A quasi chemistry-transport model mode for EMAC

Abstract

A quasi chemistry-transport model mode (QCTM) is presented for the numerical chemistry-climate simulation system ECHAM/MESSy Atmospheric Chemistry (EMAC). It allows for a quantification of chemical signals through suppression of any feedback between chemistry and dynamics. Noise would otherwise interfere too strongly. The signal follows from the difference of two QCTM simulations, reference and sensitivity. These are fed with offline chemical fields as a substitute of the feedbacks between chemistry and dynamics: offline mixing ratios of radiatively active substances enter the radiation scheme (a), offline mixing ratios of nitric acid enter the scheme for re-partitioning and sedimentation from polar stratospheric clouds (b). Offline methane oxidation is the exclusive source of chemical water-vapor tendencies (c).
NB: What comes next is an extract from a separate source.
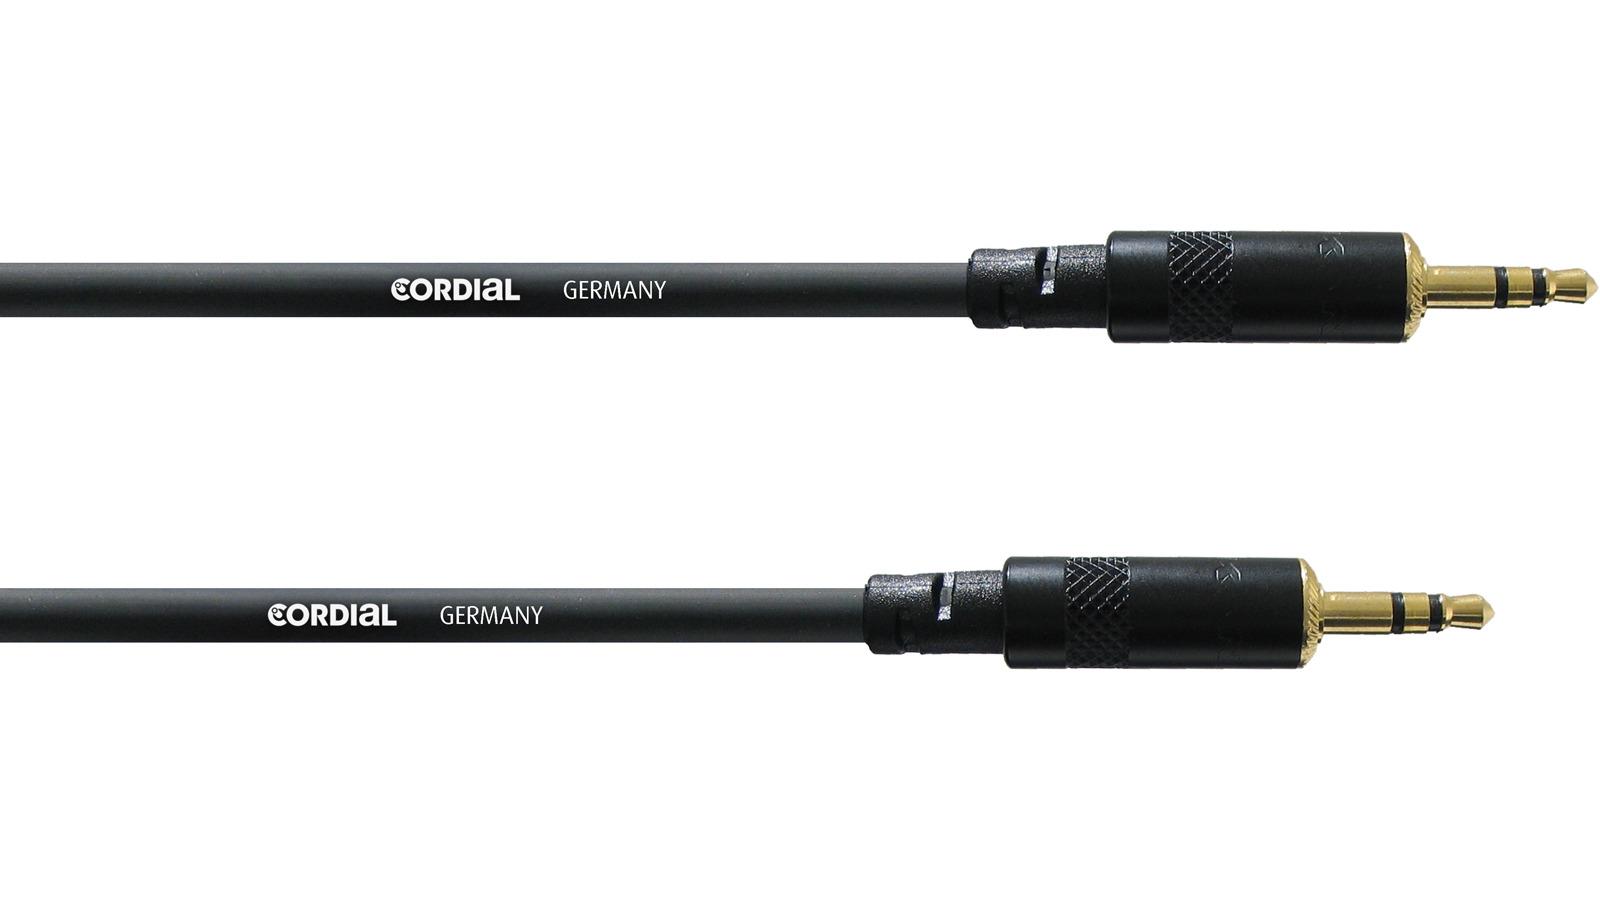 Cordial CFS 3 WW symmetrisches Mini Klinke Kabel 3 m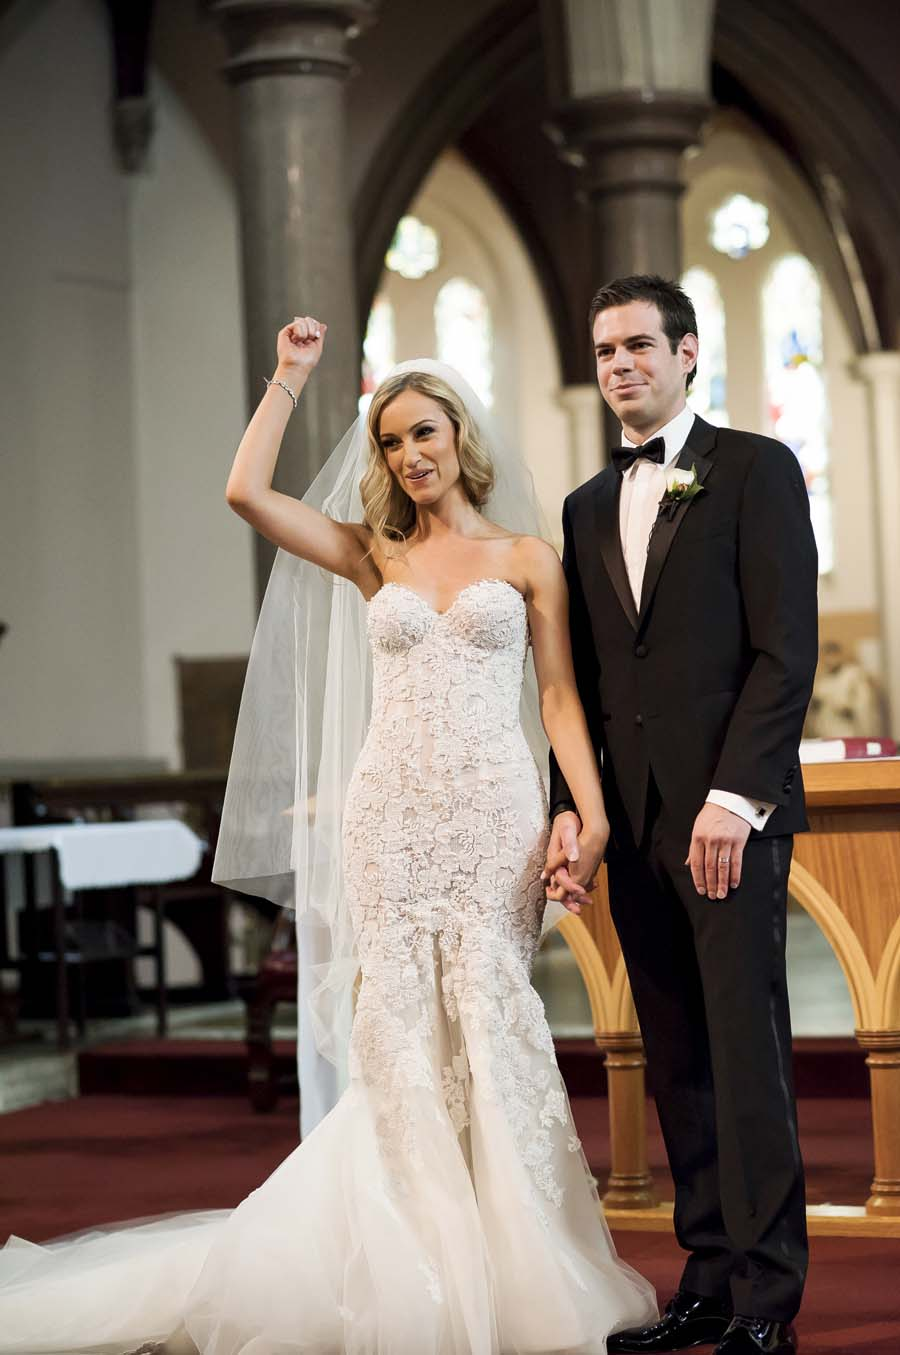 White Floral Wedding With Stunning Floral Embellished Wedding Dress ...

Any set of offline fields suffices to suppress the feedbacks, though may be inconsistent with the simulation setup. An adequate set of offline climatologies can be produced from a non-QCTM simulation of the reference setup. Test simulations reveal the particular importance of adequate offline fields associated with (a). Inconsistencies from (b) are negligible when using adequate fields of nitric acid. Acceptably small inconsistencies come from (c), but should vanish for an adequate prescription of water vapor tendencies. Toggling between QCTM and non-QCTM is done via namelist switches and does not require a source code re-compilation.